As always with these projects, I radically underestimate the amount of time and trouble. I boldly swear to M that I WILL get this done by, oh, lets say the end of March, definitely. So here’s the way things look on Friday morning March 21:

Yup, lots of carpet still there.

But wait, things are beginning to happen. Later that morning the toilet magically jumps into the bathtub! Thank whatever entity you choose to thank that you aren’t getting on your hands and knees in the small space back there where the toilet used to be and where gallons of pee have marinated the carpet, pad and underlayment. The underlayment, by the way, is about the consistency of shredded wheat and will need to be replaced. I sort of anticipated that might be the case but only in a vague, theoretical way, not in an “I have a clue what to do next” kind of way. Luckily the combination of the rotten wood and the fact that our house was so cheaply constructed means that there are only nine nails holding the underlayment down in that side of the bathroom, so, using my handy cordless Sawzall knock-off (overgrown electric steak knife) and a crowbar it comes up without a problem. I love demolition!

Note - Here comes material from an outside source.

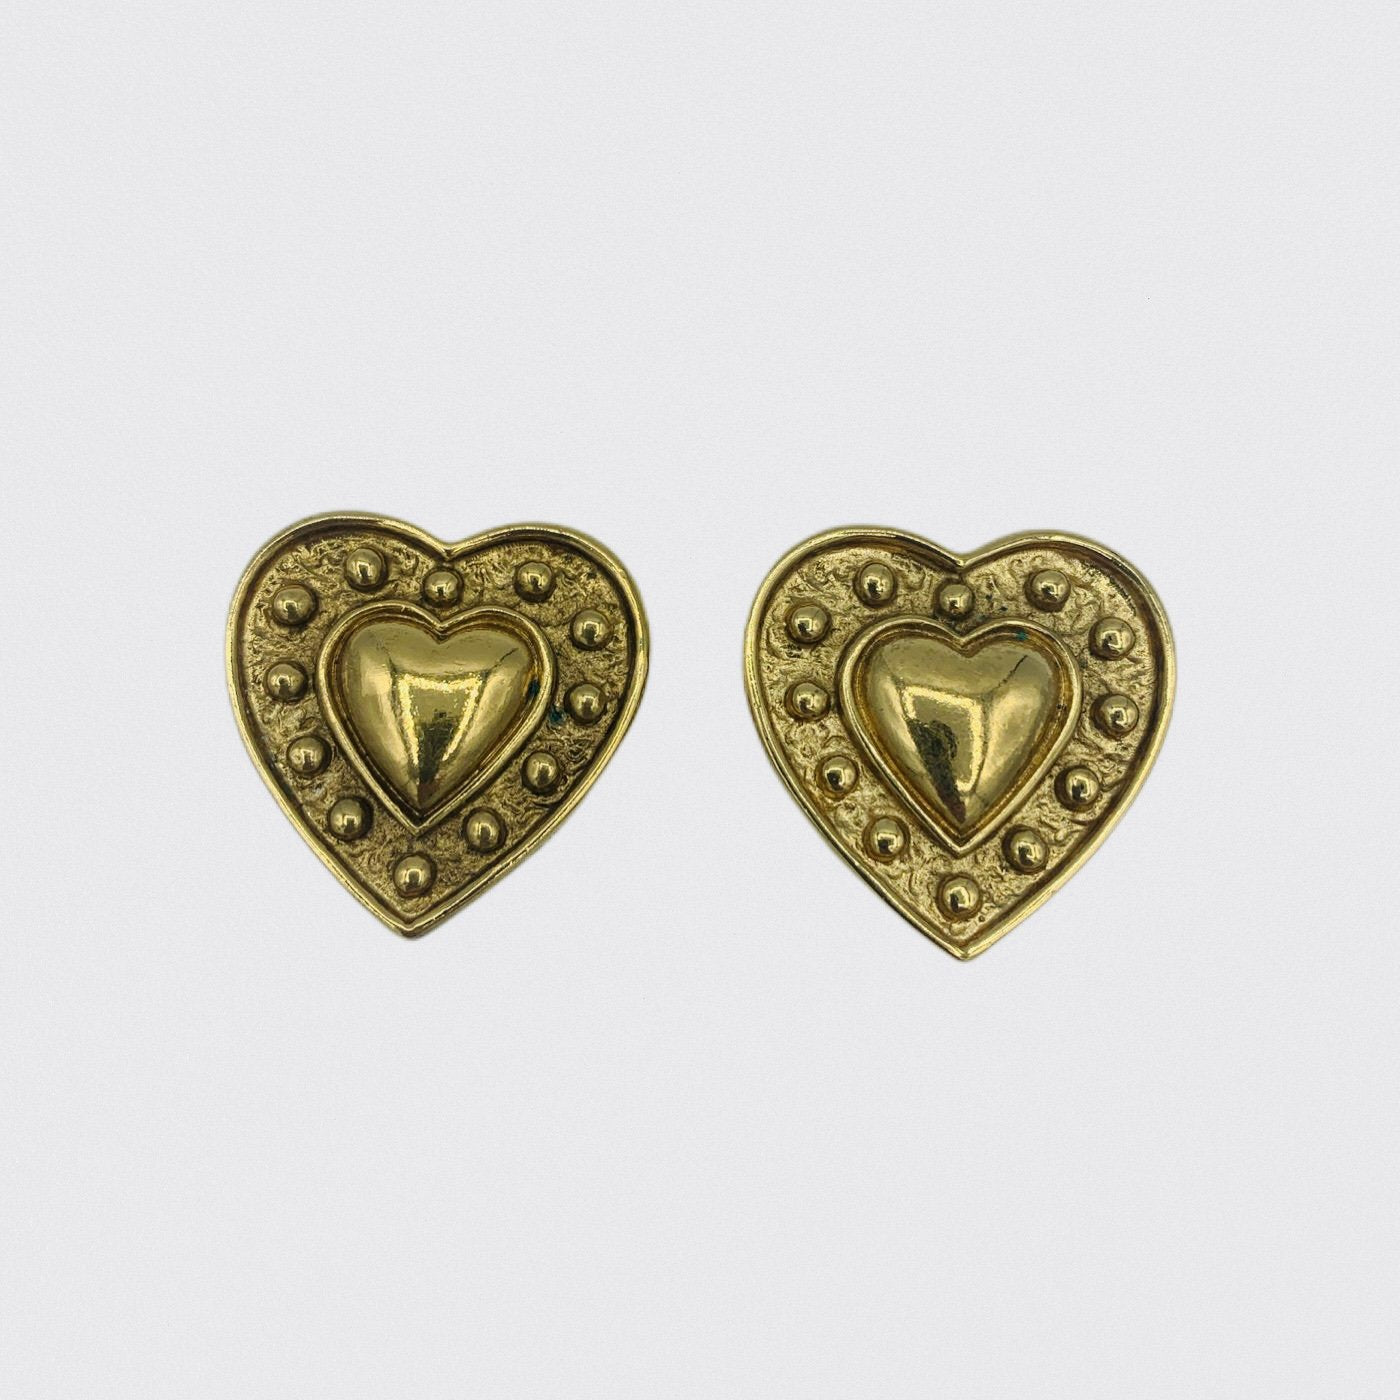 Boucles d’oreilles earrings vintage second main second hand yves saint laurent YSL doré gold coeur heart love amour

Now I find that I have 40 minutes to go to another Old Guy Carpenter’s house to get an essential and scary tool AND go to the lumberyard to get the new wood for the underlayment, before M needs the van to go to school to pick up the kids. Oh, and Older Boy is George Washington in the first grade’s live wax museum this afternoon too.

I tear out of the driveway concentrating on – what the heck is a live wax museum?

Somehow I get the tool and the wood and get back in time. I’m feeling pretty good right about now.

“So,” M asks, “want to go see the live wax museum?”